SmolVLM Architecture. Images are split into subimages, frames are sampled from videos, and then encoded into visual features. These features are first rearranged via a pixel-shuffle operation, then mapped into the LLM input space as visual tokens using an MLP projection. Visual tokens are then concatenated/interleaved with text embeddings (orange/red). This combined sequence is passed to the LLM for text output.

SmolVLM is a series of compact, high-performing multimodal models introduced by HuggingFace and Stanford. Designed for resource-constrained environments, it challenges the traditional notion that only massive vision-language models (VLMs) can achieve state-of-the-art performance. For the Qwen25-VL model, while its performance is excellent, it typically requires around 15GB of VRAM and is primarily designed to run on GPUs. Although it can be quantized to Int4 using Intel's OpenVINO and run on Intel CPUs, the response time in this case exceeds 20 seconds. Therefore, there is a growing need for lightweight models that can operate quickly on CPUs or edge devices like mobile phones. In contrast, SmolVLM, when similarly quantized to Int4 and run on a CPU, delivers a response time of around 5 seconds.

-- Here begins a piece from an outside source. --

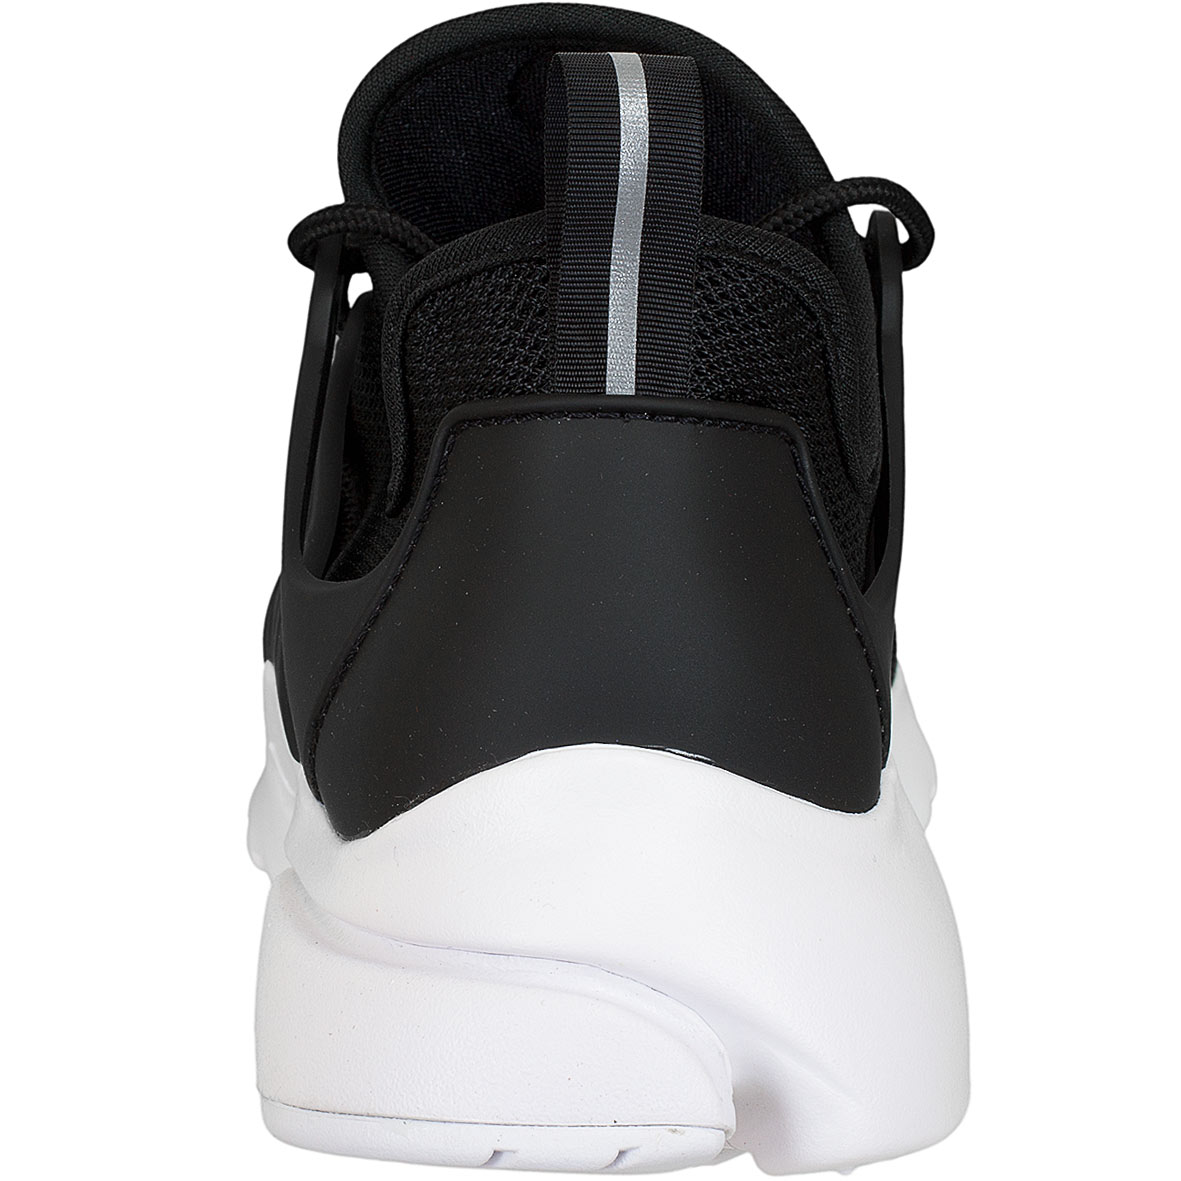 ☆ Nike Damen Sneaker Air Presto Ultra BR schwarz/schwarz - hier bestellen!

1. Motivation and Objective

Large-scale VLMs like Flamingo and Idefics-80B offer impressive capabilities but demand extreme computational resources. SmolVLM addresses several key issues:

  • Excessive visual tokenization resulting in GPU inefficiency
  • Inheritance of large-model architectural patterns unsuited for small-scale deployment
  • Lack of optimized compute-memory balance for inference on-device


2. Architecture Overview

The SmolVLM pipeline integrates visual and textual modalities via the following stages:

  • Image Splitting & Frame Sampling: High-resolution images are split into sub-images; video inputs are downsampled temporally.
  • Vision Encoder (SigLIP): Frozen encoder generates rich embeddings.
  • Pixel Shuffle: Reduces token count by rearranging spatial information into depth channels.
  • MLP Projection: Projects visual features into the language model input space.
  • Multimodal Integration: Visual and text tokens are jointly processed using self-attention in SmolLM2.
Pixel shuffle: Rearranges encoded images, trading spatial resolution for increased channel depth. This reduces visual token count while preserving information density.


3. Architectural Insights

  • Balanced Parameter Allocation: A smaller LM benefits more from compact vision encoders.
  • Extended Context: Scaling the RoPE base allows up to 16k token contexts for larger models.
  • Pixel Shuffle: A ratio of 4 is most effective in small models due to lower attention complexity.
  • Frame Averaging: Found to harm video understanding—selective frame sampling is better.
Performance analysis of SmolVLM configurations. (Left) Impact of vision encoder and language model sizes. Smaller language models (135M) benefit less from larger vision encoders (SigLIP-SO-400M, 428M) compared to SigLIP-B/16 (93M), while larger language models gain more from powerful encoders. (Middle-left) Performance significantly improves with increased context lengths (2k to 16k tokens). (Middle-right) Optimal pixel shuffle factor (PS=2 vs. PS=4) varies by model size. (Right) Frame averaging reduces video performance, with a rapid decline as more frames are averaged. Metrics average CIDEr (captioning) and accuracy (visual question answering).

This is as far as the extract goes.